We will review randomised control trials and quasi-experimental designs on interventions relating to physical activity and nutrition in West Africa. Language will be restricted to English and French as these are the most widely spoken languages in the region. No other filters will be applied. Searching will involve four electronic databases — PubMed, Scopus, Africa Journals Online and Cairn.info using natural-language phrases plus reference/citation checking.

Two reviewers will independently screen results according to titles and abstracts against the inclusion and exclusion criteria to identify eligible studies. Upon full-text review, all selected studies will be assessed using Cochrane’s Collaboration tool for assessing the risk of bias of a study and the ROBINS-I tool before data extraction. Evidence will be synthesised narratively and statistically where appropriate. We will conduct a meta-analysis when the interventions and contexts are similar enough for pooling and compare the treatment effects of the interventions in rural to urban settings and short term to long term wherever possible.
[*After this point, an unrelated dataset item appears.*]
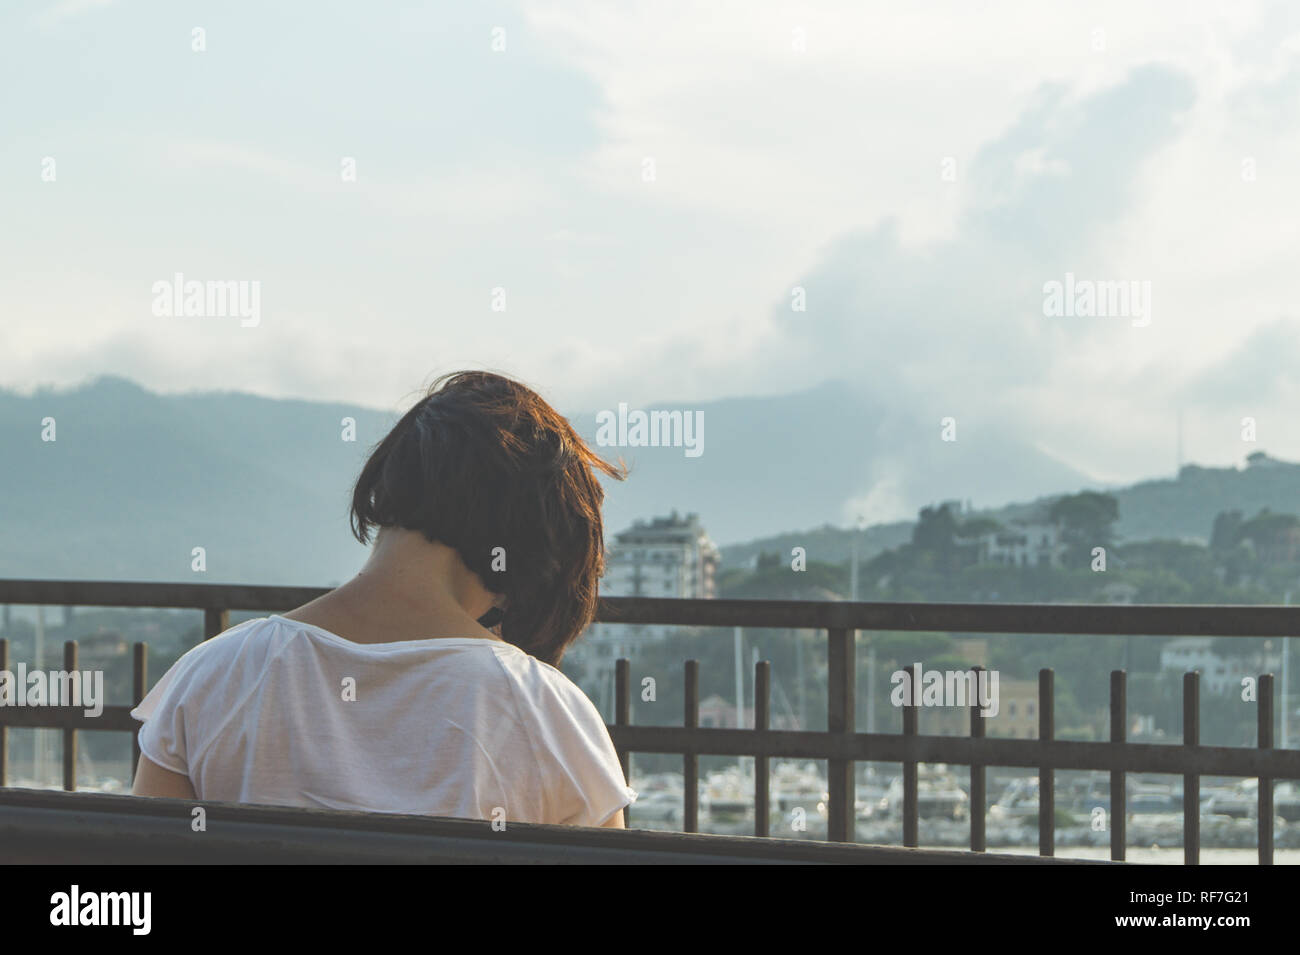 rear view of a woman tilting her head while sitting on a bench in front of scenery Stock Photo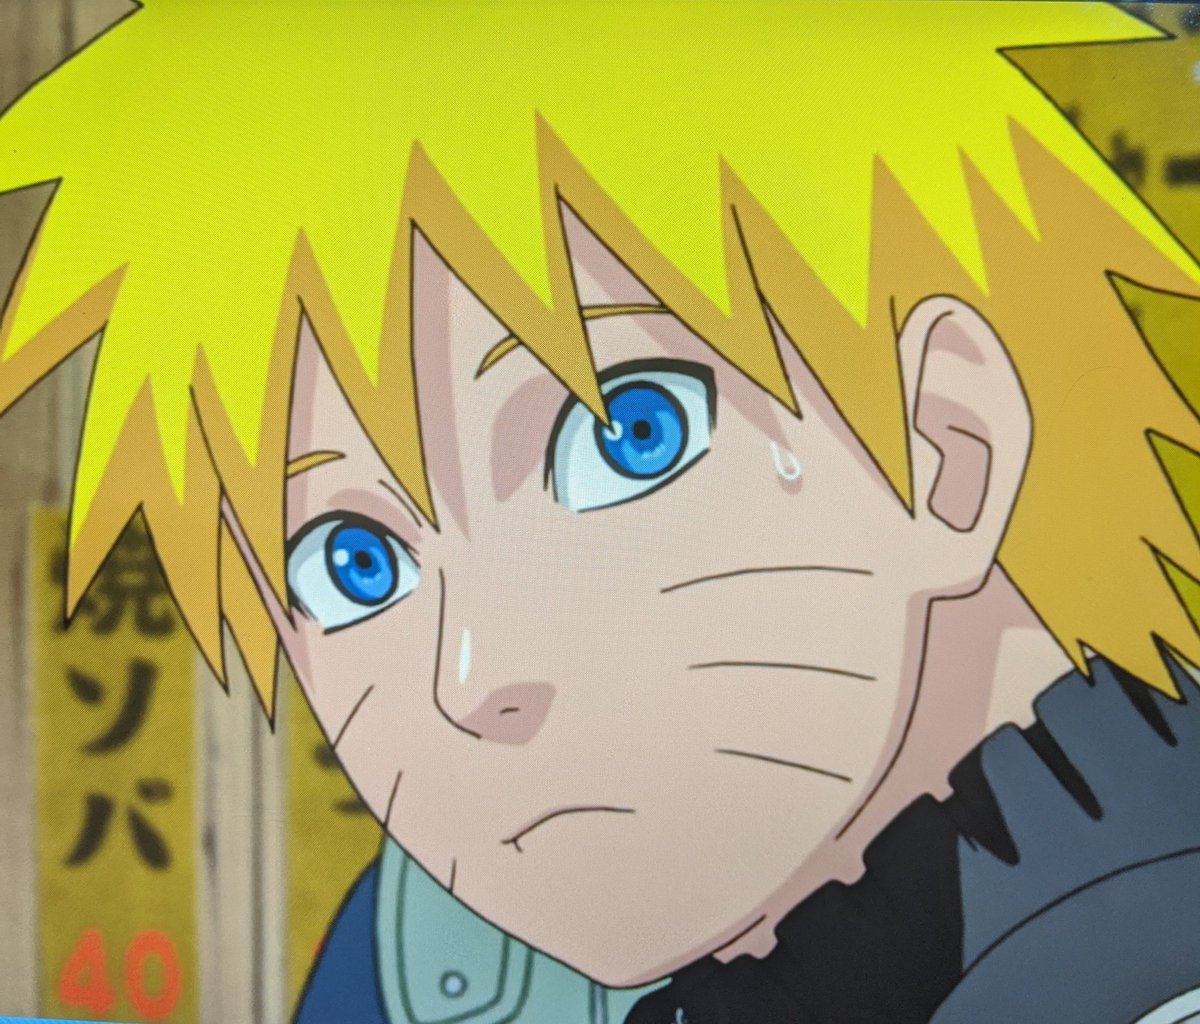 NARUTO'S FACE WHEN SOMEONE ASKED HIM FOR AN AUTOGRAPH :((( BABIE :(((

We anticipate finding a number of studies missed by previous reviews and providing evidence of the effectiveness of different nutrition and physical activity interventions within the context of West Africa. This knowledge will support practitioners and policymakers in the design of interventions that are fit for context and purpose within the West African region.

Systematic review registration

This systematic review has been registered in the International Prospective Register for Systematic Reviews — PROSPERO, with registration number CRD42023435116. All amendments to this protocol during the process of the review will be explained accordingly.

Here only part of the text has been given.